[Records from a data collection]

◇ ◇ ◇ ◇ ◇ ◇ ◇

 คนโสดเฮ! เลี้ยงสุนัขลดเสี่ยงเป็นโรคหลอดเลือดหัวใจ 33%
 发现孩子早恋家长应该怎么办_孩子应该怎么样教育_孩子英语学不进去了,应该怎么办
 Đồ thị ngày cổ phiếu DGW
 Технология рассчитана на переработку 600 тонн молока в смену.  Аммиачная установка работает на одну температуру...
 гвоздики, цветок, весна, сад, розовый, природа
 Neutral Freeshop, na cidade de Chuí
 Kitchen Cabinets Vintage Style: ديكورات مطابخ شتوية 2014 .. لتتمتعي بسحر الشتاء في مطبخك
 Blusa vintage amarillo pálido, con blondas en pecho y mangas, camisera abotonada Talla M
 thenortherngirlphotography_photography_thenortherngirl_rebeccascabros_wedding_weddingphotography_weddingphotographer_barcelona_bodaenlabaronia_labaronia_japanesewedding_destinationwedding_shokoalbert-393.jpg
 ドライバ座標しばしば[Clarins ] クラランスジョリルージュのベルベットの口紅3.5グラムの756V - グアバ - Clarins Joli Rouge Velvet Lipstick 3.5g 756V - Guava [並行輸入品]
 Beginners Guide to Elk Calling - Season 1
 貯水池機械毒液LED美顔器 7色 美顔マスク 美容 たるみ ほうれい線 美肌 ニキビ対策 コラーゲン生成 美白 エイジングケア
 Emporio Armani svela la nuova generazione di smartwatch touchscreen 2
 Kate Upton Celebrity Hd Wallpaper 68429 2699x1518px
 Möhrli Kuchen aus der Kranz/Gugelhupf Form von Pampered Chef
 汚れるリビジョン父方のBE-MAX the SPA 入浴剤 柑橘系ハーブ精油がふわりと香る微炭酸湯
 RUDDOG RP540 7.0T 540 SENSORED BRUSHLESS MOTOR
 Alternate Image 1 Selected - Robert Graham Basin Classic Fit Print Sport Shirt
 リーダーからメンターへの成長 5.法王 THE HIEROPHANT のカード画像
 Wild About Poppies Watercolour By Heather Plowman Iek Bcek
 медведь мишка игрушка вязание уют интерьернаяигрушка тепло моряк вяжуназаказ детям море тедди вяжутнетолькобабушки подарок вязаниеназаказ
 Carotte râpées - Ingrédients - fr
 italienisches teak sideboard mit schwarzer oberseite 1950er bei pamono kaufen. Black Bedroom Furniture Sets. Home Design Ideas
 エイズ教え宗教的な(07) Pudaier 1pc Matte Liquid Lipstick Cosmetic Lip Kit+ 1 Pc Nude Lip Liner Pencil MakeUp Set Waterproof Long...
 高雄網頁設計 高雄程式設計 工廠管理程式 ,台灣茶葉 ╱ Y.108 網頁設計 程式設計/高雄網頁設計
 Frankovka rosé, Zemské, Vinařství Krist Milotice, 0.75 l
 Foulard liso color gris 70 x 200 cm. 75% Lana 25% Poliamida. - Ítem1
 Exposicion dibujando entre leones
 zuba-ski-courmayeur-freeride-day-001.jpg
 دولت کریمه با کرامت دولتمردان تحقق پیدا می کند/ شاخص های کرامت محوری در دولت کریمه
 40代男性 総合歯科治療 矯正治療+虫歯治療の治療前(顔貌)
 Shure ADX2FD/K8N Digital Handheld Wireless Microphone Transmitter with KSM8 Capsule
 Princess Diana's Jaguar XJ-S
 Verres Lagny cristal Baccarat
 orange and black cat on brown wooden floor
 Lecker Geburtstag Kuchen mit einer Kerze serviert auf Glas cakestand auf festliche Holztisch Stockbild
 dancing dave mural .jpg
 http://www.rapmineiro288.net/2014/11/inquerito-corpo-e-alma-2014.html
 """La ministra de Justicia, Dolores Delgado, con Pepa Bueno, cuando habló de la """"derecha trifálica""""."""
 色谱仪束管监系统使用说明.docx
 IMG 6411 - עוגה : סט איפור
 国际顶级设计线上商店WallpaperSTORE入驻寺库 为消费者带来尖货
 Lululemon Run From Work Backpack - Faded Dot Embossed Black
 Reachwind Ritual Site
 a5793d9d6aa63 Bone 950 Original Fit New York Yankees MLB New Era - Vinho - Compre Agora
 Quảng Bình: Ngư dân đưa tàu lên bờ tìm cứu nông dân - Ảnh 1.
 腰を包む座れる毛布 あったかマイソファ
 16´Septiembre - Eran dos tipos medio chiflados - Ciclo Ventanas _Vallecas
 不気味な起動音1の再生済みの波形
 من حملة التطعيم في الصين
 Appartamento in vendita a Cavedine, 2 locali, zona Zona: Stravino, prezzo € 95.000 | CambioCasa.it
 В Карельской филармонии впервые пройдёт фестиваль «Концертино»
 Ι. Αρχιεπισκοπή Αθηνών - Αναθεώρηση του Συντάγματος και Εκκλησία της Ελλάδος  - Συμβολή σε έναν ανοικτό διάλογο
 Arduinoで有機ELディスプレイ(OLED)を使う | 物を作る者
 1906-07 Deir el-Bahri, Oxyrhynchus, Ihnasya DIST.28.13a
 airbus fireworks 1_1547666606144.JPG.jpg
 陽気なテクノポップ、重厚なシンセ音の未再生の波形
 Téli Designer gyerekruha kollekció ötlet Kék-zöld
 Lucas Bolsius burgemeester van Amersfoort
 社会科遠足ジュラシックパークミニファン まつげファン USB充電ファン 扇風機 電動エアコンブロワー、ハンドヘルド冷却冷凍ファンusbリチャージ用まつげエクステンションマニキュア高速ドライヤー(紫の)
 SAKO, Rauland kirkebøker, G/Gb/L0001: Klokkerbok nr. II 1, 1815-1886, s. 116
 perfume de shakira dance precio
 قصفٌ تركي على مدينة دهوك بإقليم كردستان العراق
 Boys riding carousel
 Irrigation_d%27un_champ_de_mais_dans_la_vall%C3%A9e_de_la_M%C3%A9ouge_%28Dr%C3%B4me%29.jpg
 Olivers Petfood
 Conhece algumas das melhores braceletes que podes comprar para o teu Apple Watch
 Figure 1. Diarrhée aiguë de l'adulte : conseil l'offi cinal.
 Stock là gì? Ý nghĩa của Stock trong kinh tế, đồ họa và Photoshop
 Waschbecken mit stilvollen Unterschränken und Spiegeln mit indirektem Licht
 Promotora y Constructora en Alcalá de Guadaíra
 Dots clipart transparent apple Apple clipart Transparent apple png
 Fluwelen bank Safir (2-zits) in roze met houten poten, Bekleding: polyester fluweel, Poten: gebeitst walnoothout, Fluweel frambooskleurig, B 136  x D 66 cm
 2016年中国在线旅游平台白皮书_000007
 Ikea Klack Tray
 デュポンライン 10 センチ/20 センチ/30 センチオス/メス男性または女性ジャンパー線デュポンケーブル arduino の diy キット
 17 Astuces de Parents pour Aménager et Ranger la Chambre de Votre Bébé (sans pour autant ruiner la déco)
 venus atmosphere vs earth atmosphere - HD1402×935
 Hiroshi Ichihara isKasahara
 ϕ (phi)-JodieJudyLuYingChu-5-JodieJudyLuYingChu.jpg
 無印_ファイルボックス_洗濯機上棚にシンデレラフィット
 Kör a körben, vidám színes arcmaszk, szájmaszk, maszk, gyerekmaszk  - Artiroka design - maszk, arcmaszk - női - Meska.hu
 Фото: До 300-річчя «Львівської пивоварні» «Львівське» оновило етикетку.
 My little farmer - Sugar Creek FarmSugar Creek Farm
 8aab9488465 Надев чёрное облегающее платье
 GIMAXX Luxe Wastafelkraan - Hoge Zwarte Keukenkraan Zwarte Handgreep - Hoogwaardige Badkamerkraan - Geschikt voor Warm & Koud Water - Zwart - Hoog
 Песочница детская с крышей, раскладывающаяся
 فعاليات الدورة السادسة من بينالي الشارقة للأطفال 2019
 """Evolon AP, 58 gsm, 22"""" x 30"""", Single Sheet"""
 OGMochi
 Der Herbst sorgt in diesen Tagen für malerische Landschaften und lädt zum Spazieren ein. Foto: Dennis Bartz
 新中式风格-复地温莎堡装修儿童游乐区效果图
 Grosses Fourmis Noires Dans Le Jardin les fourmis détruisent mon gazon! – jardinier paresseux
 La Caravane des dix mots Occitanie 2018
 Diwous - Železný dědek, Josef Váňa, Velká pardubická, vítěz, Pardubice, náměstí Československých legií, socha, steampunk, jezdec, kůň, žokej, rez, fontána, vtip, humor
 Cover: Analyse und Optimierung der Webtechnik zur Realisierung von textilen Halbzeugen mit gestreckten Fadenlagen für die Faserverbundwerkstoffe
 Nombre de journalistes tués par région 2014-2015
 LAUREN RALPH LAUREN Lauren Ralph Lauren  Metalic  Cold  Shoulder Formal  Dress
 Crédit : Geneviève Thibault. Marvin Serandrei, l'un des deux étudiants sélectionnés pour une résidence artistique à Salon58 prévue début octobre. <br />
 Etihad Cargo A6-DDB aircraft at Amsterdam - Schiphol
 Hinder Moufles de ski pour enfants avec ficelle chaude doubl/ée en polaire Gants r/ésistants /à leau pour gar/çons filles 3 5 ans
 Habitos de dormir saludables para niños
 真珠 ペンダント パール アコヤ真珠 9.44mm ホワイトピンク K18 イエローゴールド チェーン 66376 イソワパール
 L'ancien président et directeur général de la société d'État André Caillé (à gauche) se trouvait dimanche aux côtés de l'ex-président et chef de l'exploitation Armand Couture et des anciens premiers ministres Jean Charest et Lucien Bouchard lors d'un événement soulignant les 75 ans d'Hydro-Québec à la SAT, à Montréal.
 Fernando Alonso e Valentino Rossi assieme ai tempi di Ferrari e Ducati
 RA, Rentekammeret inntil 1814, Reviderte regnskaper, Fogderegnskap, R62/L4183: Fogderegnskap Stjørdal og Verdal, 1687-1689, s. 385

◇ ◇ ◇ ◇ ◇ ◇ ◇

### Directions for this task
Would you copy exactly the lines from the one that contains "Diwous - Železný" through the final line of the records above, including both?

### Answer space
 Diwous - Železný dědek, Josef Váňa, Velká pardubická, vítěz, Pardubice, náměstí Československých legií, socha, steampunk, jezdec, kůň, žokej, rez, fontána, vtip, humor
 Cover: Analyse und Optimierung der Webtechnik zur Realisierung von textilen Halbzeugen mit gestreckten Fadenlagen für die Faserverbundwerkstoffe
 Nombre de journalistes tués par région 2014-2015
 LAUREN RALPH LAUREN Lauren Ralph Lauren  Metalic  Cold  Shoulder Formal  Dress
 Crédit : Geneviève Thibault. Marvin Serandrei, l'un des deux étudiants sélectionnés pour une résidence artistique à Salon58 prévue début octobre. <br />
 Etihad Cargo A6-DDB aircraft at Amsterdam - Schiphol
 Hinder Moufles de ski pour enfants avec ficelle chaude doubl/ée en polaire Gants r/ésistants /à leau pour gar/çons filles 3 5 ans
 Habitos de dormir saludables para niños
 真珠 ペンダント パール アコヤ真珠 9.44mm ホワイトピンク K18 イエローゴールド チェーン 66376 イソワパール
 L'ancien président et directeur général de la société d'État André Caillé (à gauche) se trouvait dimanche aux côtés de l'ex-président et chef de l'exploitation Armand Couture et des anciens premiers ministres Jean Charest et Lucien Bouchard lors d'un événement soulignant les 75 ans d'Hydro-Québec à la SAT, à Montréal.
 Fernando Alonso e Valentino Rossi assieme ai tempi di Ferrari e Ducati
 RA, Rentekammeret inntil 1814, Reviderte regnskaper, Fogderegnskap, R62/L4183: Fogderegnskap Stjørdal og Verdal, 1687-1689, s. 385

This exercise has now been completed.